Im designing my own heavy copter drone. Several points just looking cursorarily at your build out:

1. Placing your heavy motor on the top makes it inherently unstable. Far superior would be placing it underneath the center of gravity, not above it. The difference in stability is between either balancing a basketball on your finger tip (your design) or suspending a basketball from your finger on a string (like a helicopter with the aircraft body below the main rotor).

2. Hexa would be more failsafe than quad. On a hexa if two (or even 3) props go out, assuming the software can detect and compensate for the loss, the thing can remain stable and keep flying (long enough to return to a safe landing).

3. Your frame and engine look too heavy. You may be over building a lot of it, and galvanized steel and a heavy cast iron engine block may kill your efforts to get airborne. Look into ultalight aircraft engines or even mor advanced stuff. Yours looks like a generator or lawnmower engine which is designed for an application where engine weight is irrelevant. But for you, engine weight is VERY relevant.
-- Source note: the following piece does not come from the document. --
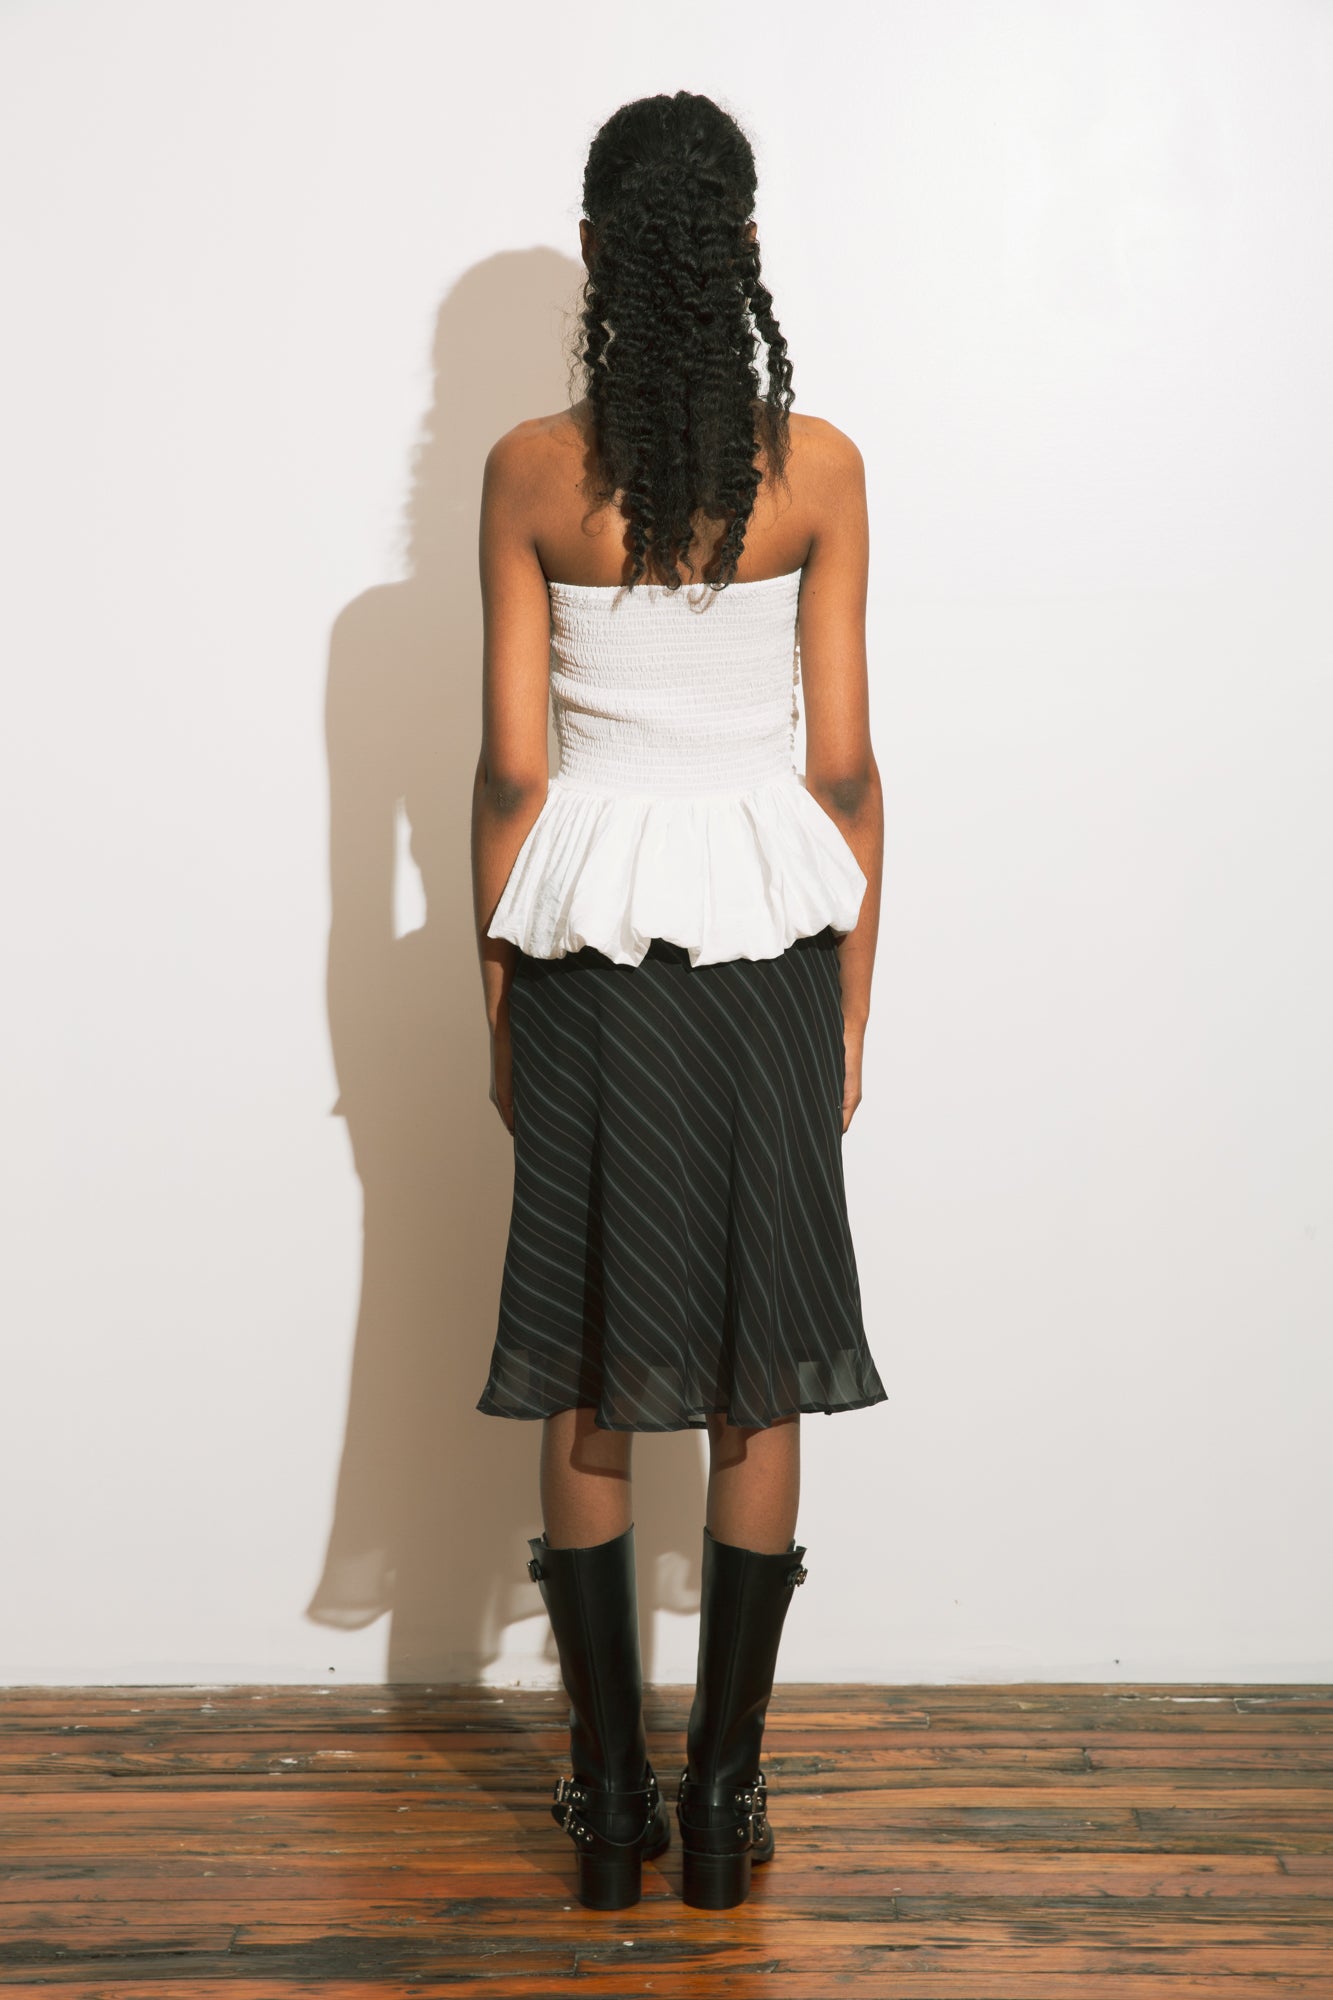 Mino - Skirt

4. You need a way to individually control rotation to each prop. Consider a fluidics type transmission. Basically, your engine is attached to a pump and creates continuous water pressure. If no torque is needed to any props, the water (or oil) recirculatesgoes around in a continous loop. If a prop needs torque, a valve shunts water into it in varying degrees to a reverse pump that drives the prop. In this way you could control all props variably instantly... and the motor would run at its optimal constant speed.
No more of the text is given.